Databases, an introduction to fundamentals

Nov 15, 2024

This article is part of the series:

Today we will talk about databases, which are often the backbone of modern computer systems, powering everything from business applications to social networks and e-commerce systems. Although we take their existence for granted today, database technology has not always been as advanced and accessible as it is now. In fact, the first data storage systems were developed in the 1960s, when the growing needs of organizations began to exceed the capabilities of traditional paper-based filing systems and other physical storage methods. As companies grew and the volume of information they needed to manage increased, the need for a digital solution became evident—one that would allow for the organization, storage, and rapid access to large amounts of data.

Origins

In its early stages, database systems were structured hierarchically or in networks, allowing data to be organized in tree or graph structures. Although these architectures were a significant advancement at the time, they also had important limitations, especially when it came to handling complex data and performing efficient queries. In a hierarchical system, data was stored in a tree structure, where each record had a single “parent,” which limited flexibility. On the other hand, networked database systems allowed for more complex relationships between data but were still difficult to implement and maintain, often requiring specific programming for each application.

This context of innovation and technical limitations motivated Edgar F. Codd, a computer scientist at IBM, to propose a new model for data storage and management in 1970, known as the “Relational Model.” Codd devised a system in which data could be stored in tables, allowing for access and manipulation through a query language that would later evolve into SQL (Structured Query Language). The relational model not only made it possible to efficiently store and access large volumes of information but also introduced unprecedented flexibility for complex queries. This paradigm shift drove the growth of databases as we know them today, laying the foundation for the development of database management systems (DBMS), which are still widely used today.
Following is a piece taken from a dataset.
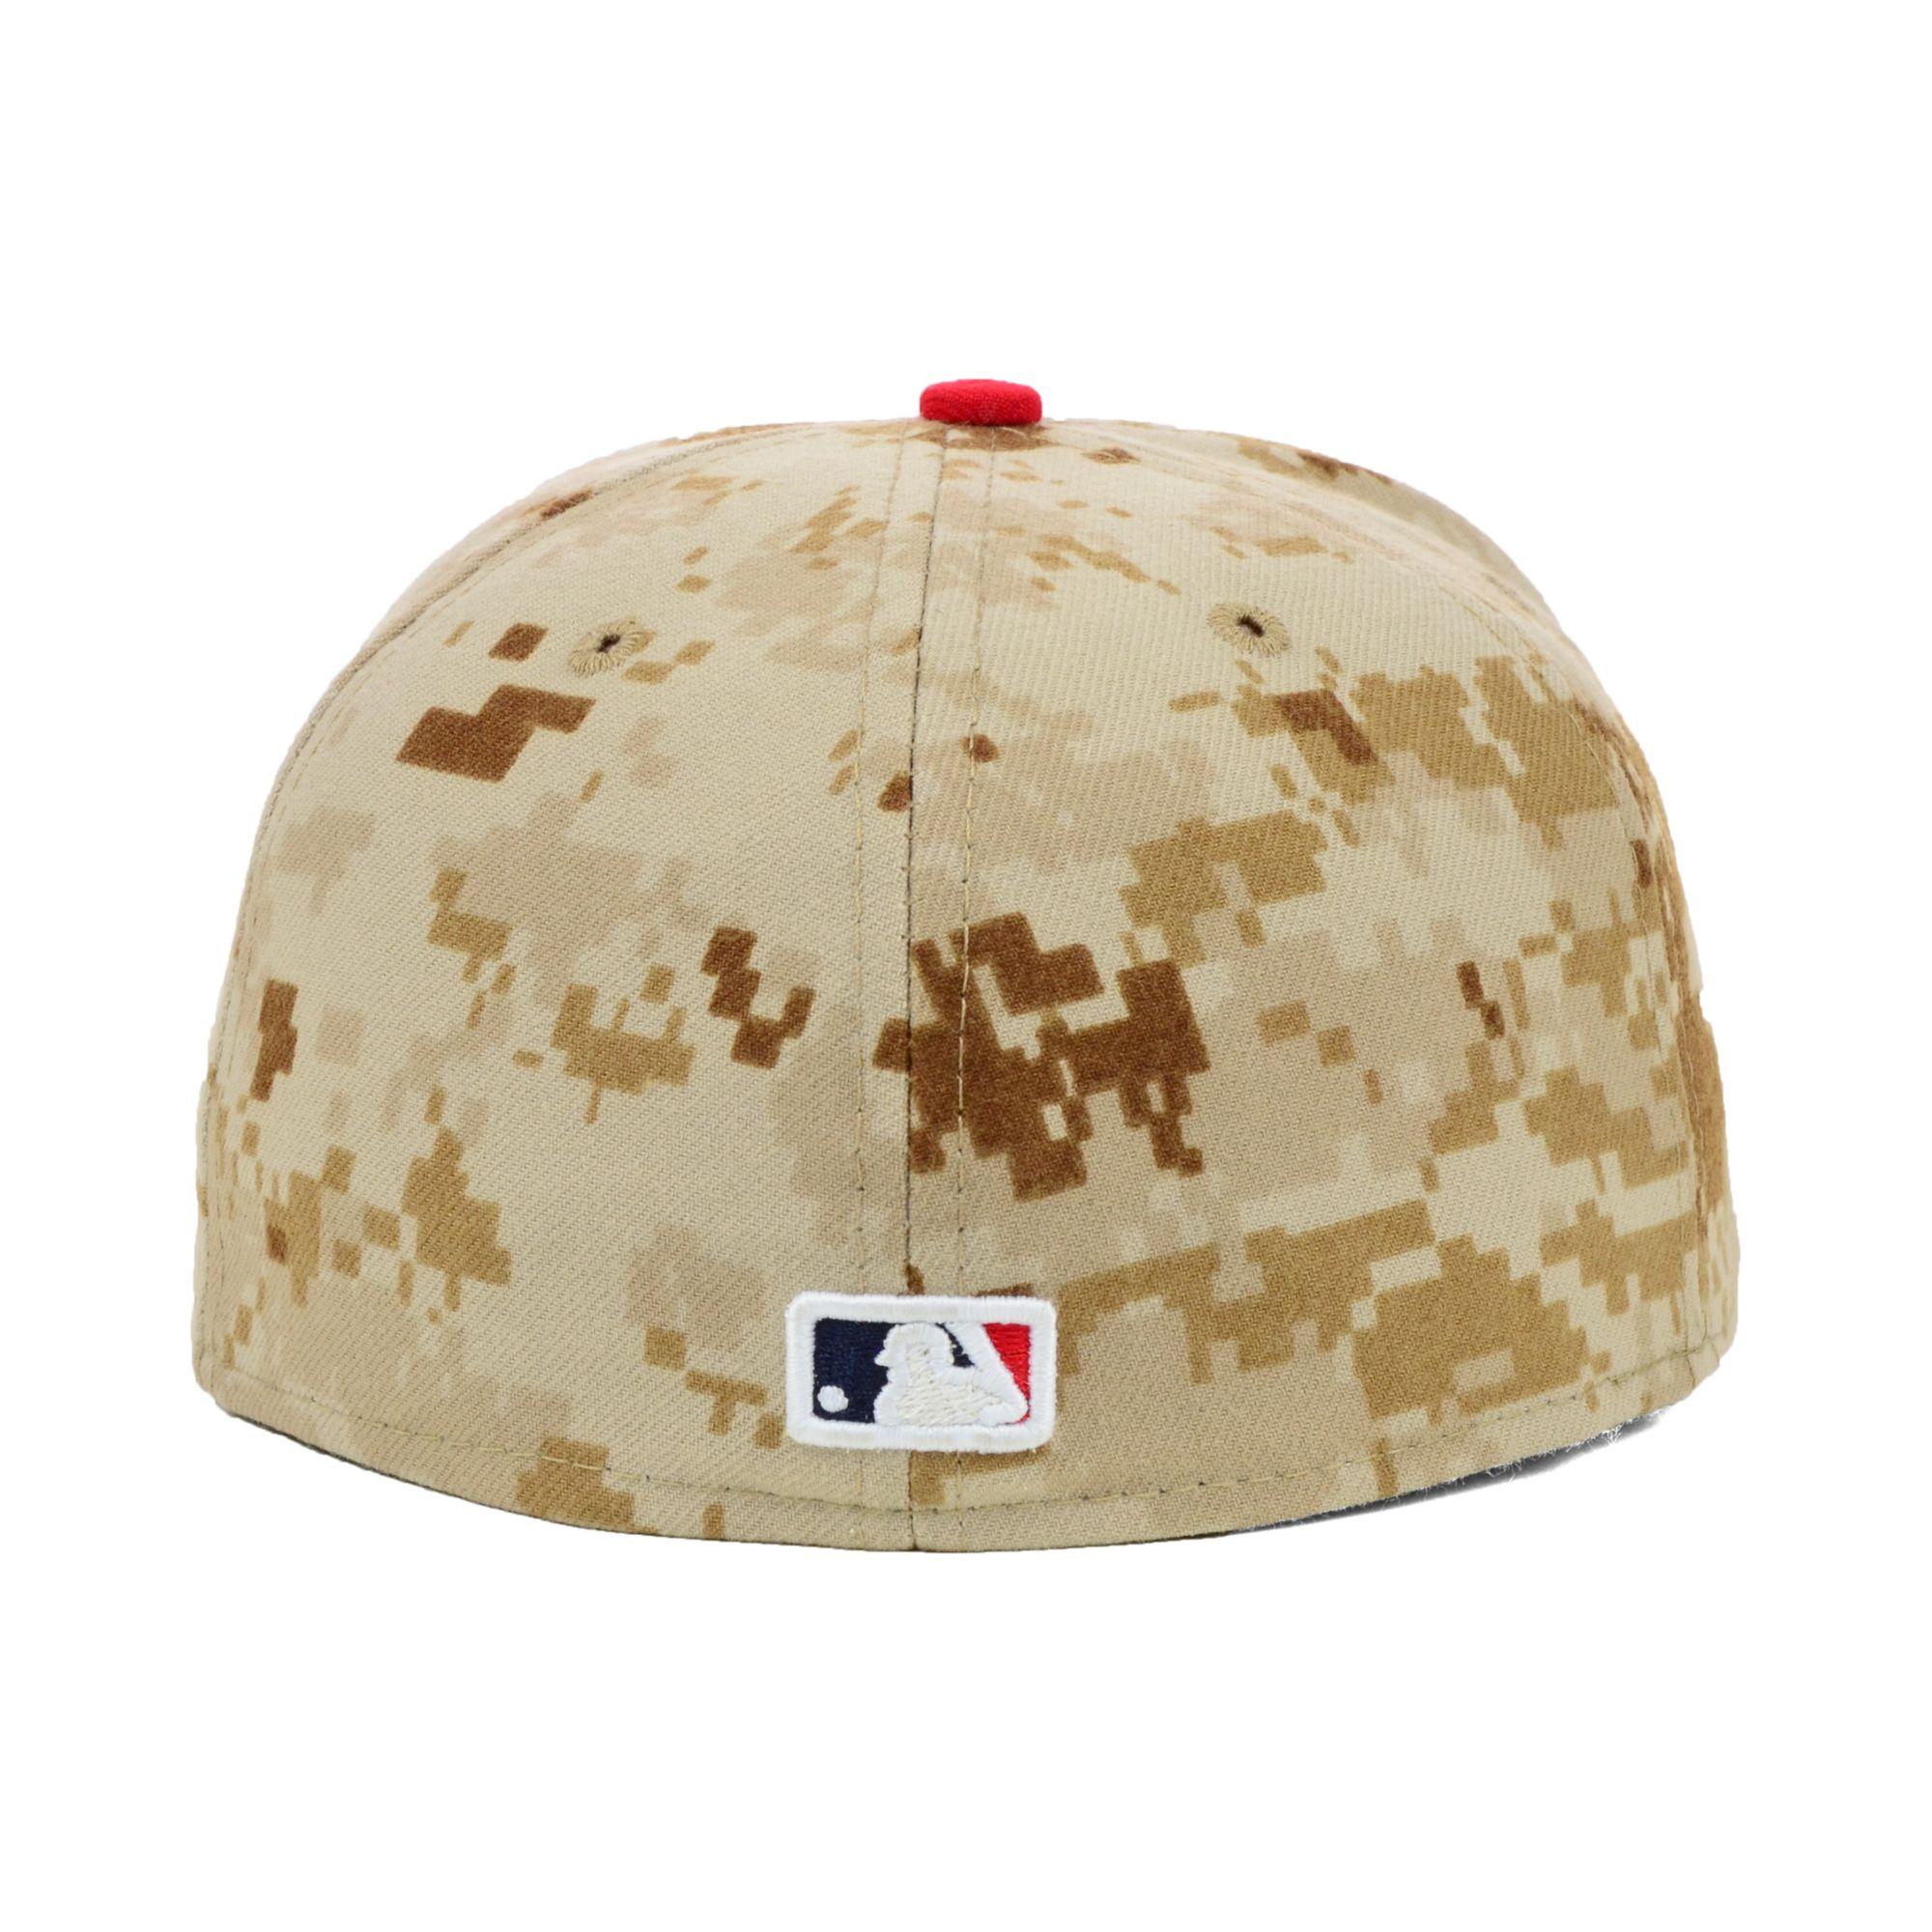 Lyst - KTZ Atlanta Braves Stars and Stripes 59fifty Cap in Natural ... 3aaf6fbd4f24

The introduction of the relational model revolutionized many industries, enabling the creation of more sophisticated business applications and promoting data-driven decision-making. Relational databases quickly became the standard for data storage and management, with their use spreading from banking and finance to logistics and retail. With the advent of database management systems such as IBM DB2, Oracle, and later, MySQL (MariaDB) and PostgreSQL, among others, companies gained access to powerful tools that allowed them to efficiently organize and analyze their data, enabling new capabilities to manage large-scale operations and processes.
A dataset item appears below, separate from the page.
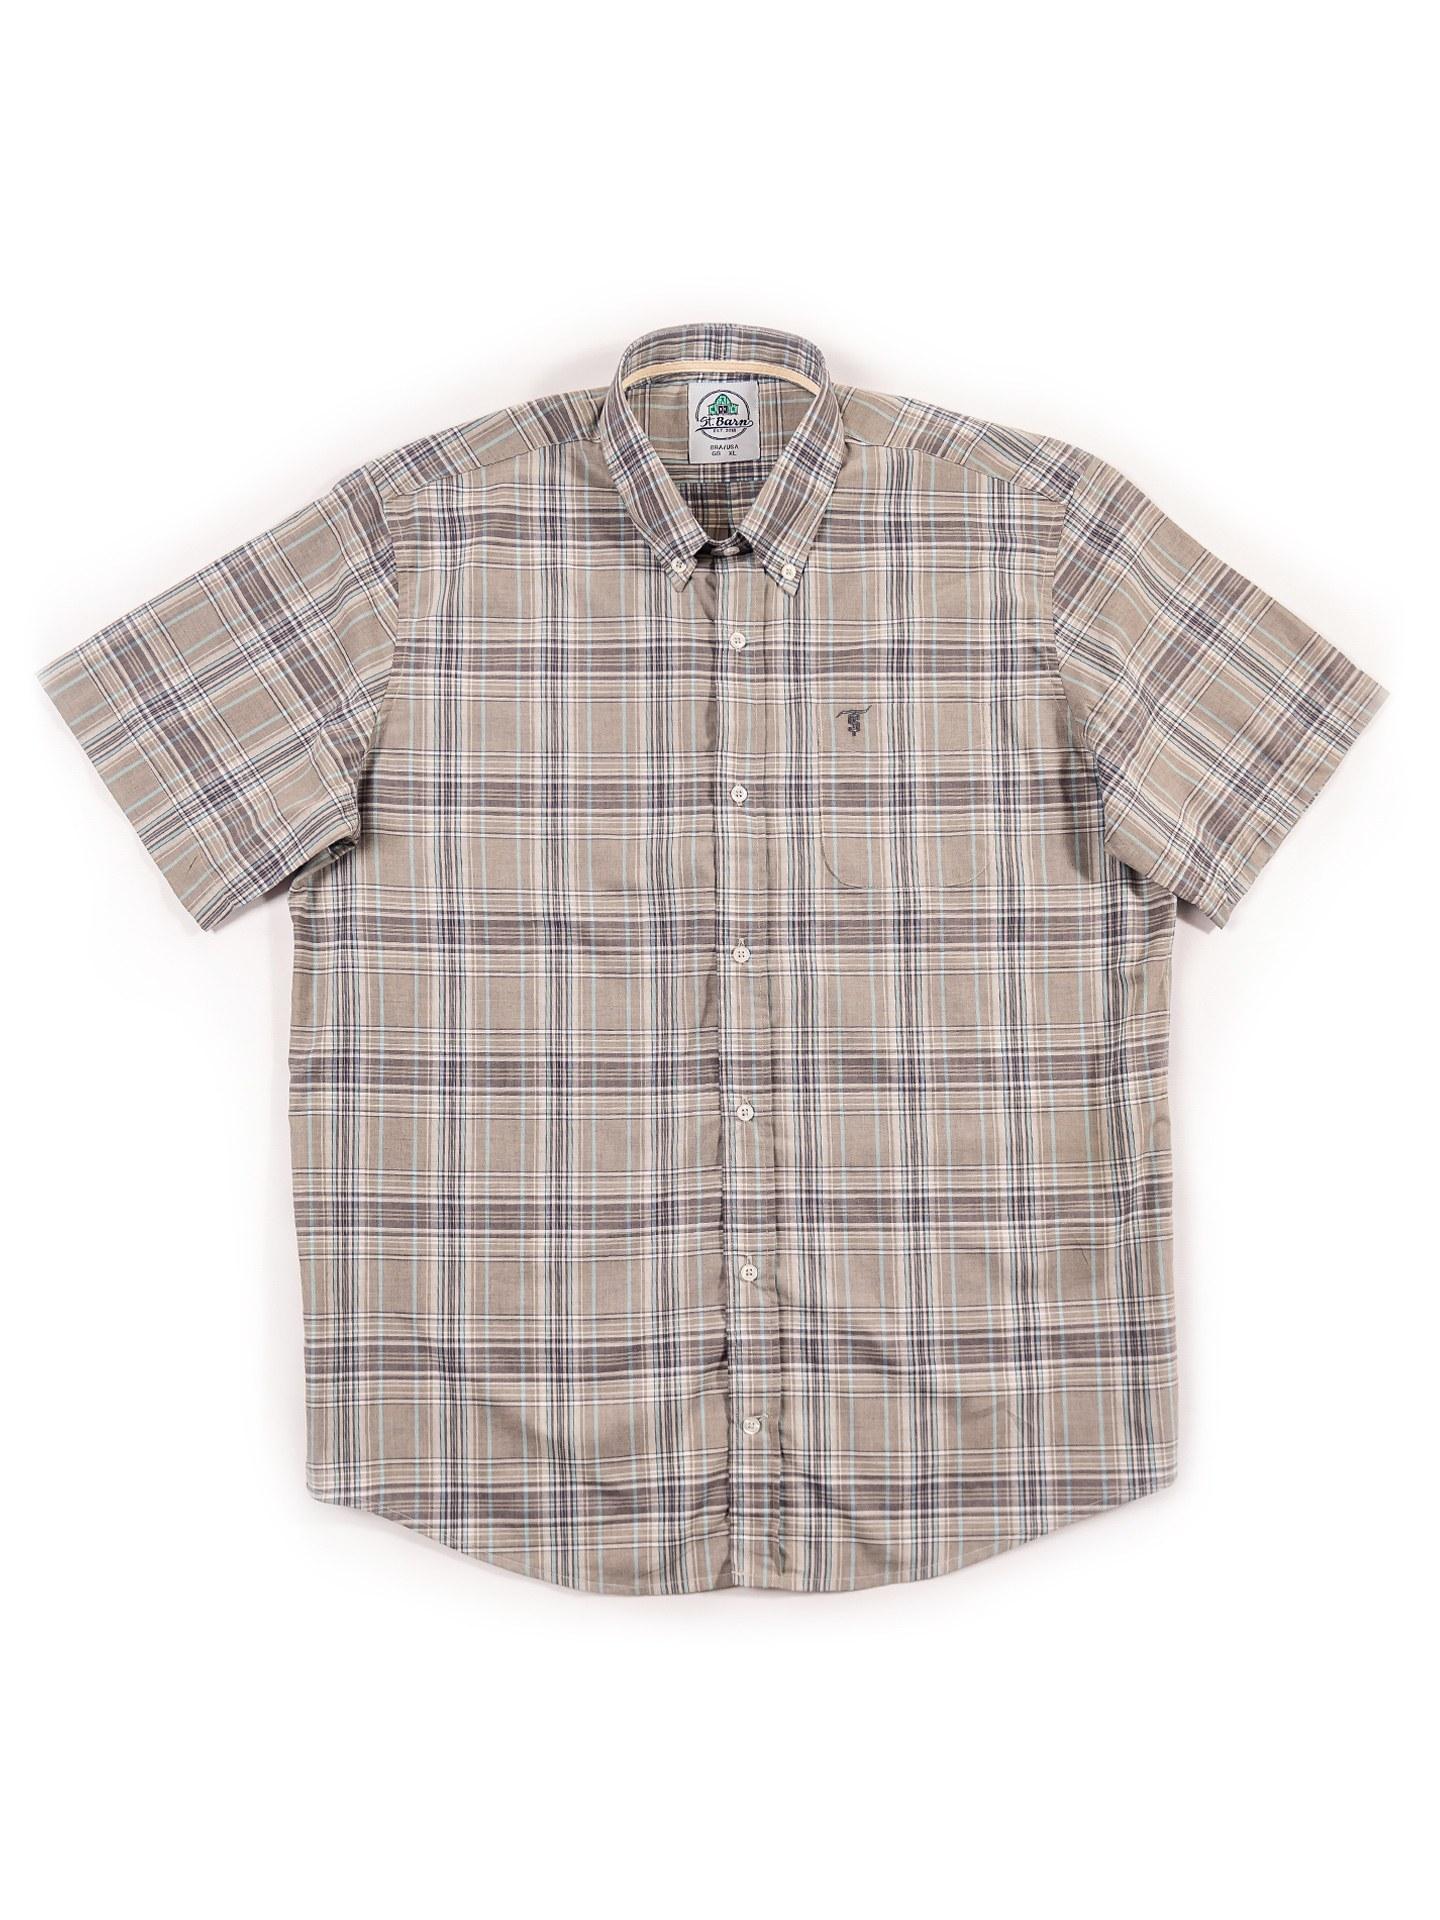 Camisa Xadrez Masculina St. Barn Manga Curta

As data continues to grow in volume and complexity, relational databases remain a central technology. However, new solutions have also emerged, such as NoSQL databases, which address specific needs that traditional relational systems do not always cover. Additionally, it is common for tools like Excel to be used informally as databases. Although Excel is not a database in the strict sense, its ease of use and tabular structure allow many users to store and organize data in a basic way. This phenomenon also occurs with tools like Access, which, while a more complete database management system, still does not offer the power and scalability of a full-fledged relational database management system.

Types

As data continues to grow in volume and complexity, relational databases remain a key technology. However, more modern solutions have now emerged that meet the demands of artificial intelligence, real-time analysis, and the management of unstructured data, such as NoSQL databases, which address specific needs that traditional relational systems do not always cover.

Relational databases

Relational databases store information in structured tables with rows and columns, allowing for complex relationships between data. Based on the relational model proposed by Edgar F. Codd, their structure relies on the use of primary and foreign keys to link data across tables. This type of database is ideal for applications where data integrity and transactions are essential, such as financial systems, business management, or any application requiring ACID (Atomicity, Consistency, Isolation, Durability) properties.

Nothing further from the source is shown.